Security Testing 简明教程

Testing Broken Authentication

When authentication functions related to the application are not implemented correctly, it allows hackers to compromise passwords or session ID’s or to exploit other implementation flaws using other users credentials.

Let us understand Threat Agents, Attack Vectors, Security Weakness, Technical Impact and Business Impacts of this flaw with the help of simple diagram.

broken mgmt session auth flaws

Example

An e-commerce application supports URL rewriting, putting session IDs in the URL −

http://example.com/sale/saleitems/jsessionid=2P0OC2JSNDLPSKHCJUN2JV/?item=laptop

An authenticated user of the site forwards the URL to their friends to know about the discounted sales. He e-mails the above link without knowing that the user is also giving away the session IDs. When his friends use the link, they use his session and credit card.

Hands ON

Step 1 − 登录到 Webgoat 并导航至“会话管理缺陷”部分。让我们通过伪造 cookie 规避身份验证。以下是该场景的快照。

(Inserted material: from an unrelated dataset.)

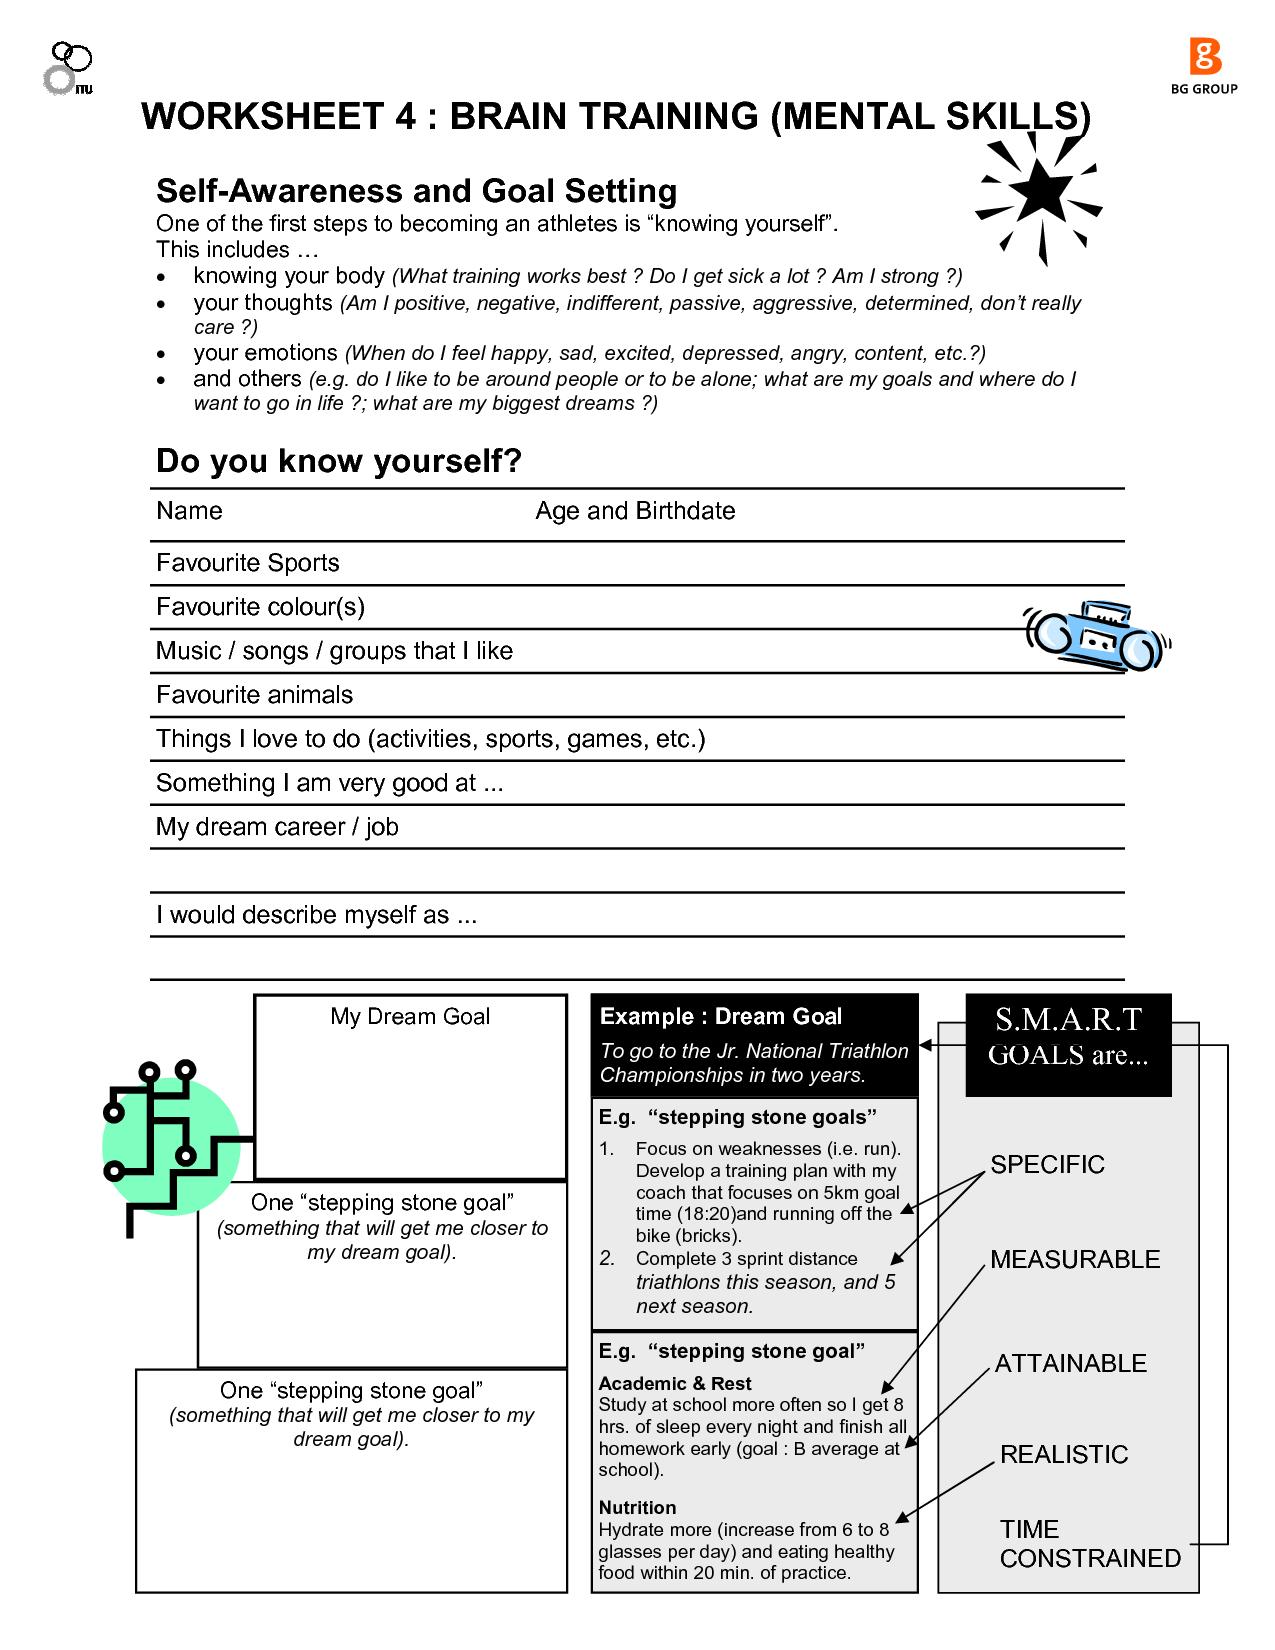 18 Best Images of Job-Skills Worksheets Free Printable ...

Step 1 − Login to Webgoat and navigate to 'Session Management Flaws' Section. Let us bypass the authetication by spoofing the cookie. Below is the snapshot of the scenario.

broken mgmt session auth flaws1

Step 2 − 当我们使用 webgoat/webgoat 凭据登录时,我们从 Burp Suite 中发现 JSESSION ID 为 C8F3177CCAFF380441ABF71090748F2E,而 AuthCookie 为 65432ubphcfx,身份验证成功后。

Step 2 − When we login using the credentials webgoat/webgoat, we find from Burp Suite that the JSESSION ID is C8F3177CCAFF380441ABF71090748F2E while the AuthCookie = 65432ubphcfx upon successful authentication.

broken mgmt session auth flaws2
broken mgmt session auth flaws3

Step 3 − 当我们使用 aspect/aspect 凭据登录时,我们从 Burp Suite 中发现 JSESSION ID 为 C8F3177CCAFF380441ABF71090748F2E,而 AuthCookie 为 65432udfqtb,身份验证成功后。

Step 3 − When we login using the credentials aspect/aspect, we find from Burp Suite that the JSESSION ID is C8F3177CCAFF380441ABF71090748F2E while the AuthCookie = 65432udfqtb upon successful authentication.

broken mgmt session auth flaws4

Step 4 − 现在我们需要分析 AuthCookie 模式。对于这两种身份验证,前半部分“65432”都是通用的。因此,我们现在有兴趣分析 authcookie 值的最后部分,例如 webgoat 用户的 ubphcfx 和 aspect 用户的 udfqtb。

Step 4 − Now we need to analyze the AuthCookie Patterns. The first half '65432' is common for both authentications. Hence we are now interested in analyzing the last part of the authcookie values such as - ubphcfx for webgoat user and udfqtb for aspect user respectively.

Step 5 − 如果我们深入查看 AuthCookie 值,则最后一部分与用户名长度相同。因此,很明显用户名与某种加密方法一起使用。在经过反复试验/暴力攻击机制后,我们发现将用户名 webgoat 反转;我们以 taogbew 结束,然后字母之前的字符被用作 AuthCookie。即 ubphcfx.

Step 5 − If we take a deep look at the AuthCookie values, the last part is having the same length as that of user name. Hence it is evident that the username is used with some encryption method. Upon trial and errors/brute force mechanisms, we find that after reversing the user name, webgoat; we end up with taogbew and then the before alphabet character is what being used as AuthCookie. i.e ubphcfx.

Step 6 − 如果我们传递此 cookie 值,我们可以看看会发生什么。在以 webgoat 用户身份验证时,通过执行步骤 4 和步骤 5 来查找同一用户 AuthCookie,将 AuthCookie 值更改为模拟用户 Alice。

Step 6 − If we pass this cookie value and let us see what happens. Upon authenticating as user webgoat, change the AuthCookie value to mock the user Alice by finding the AuthCookie for the same by performing step#4 and step#5.

broken mgmt session auth flaws6
broken mgmt session auth flaws5

Preventing Mechanisms

  1. Develop a strong authentication and session management controls such that it meets all the authentication and session management requirements defined in OWASP’s Application Security Verification Standard.

  2. Developers should ensure that they avoid XSS flaws that can be used to steal session IDs.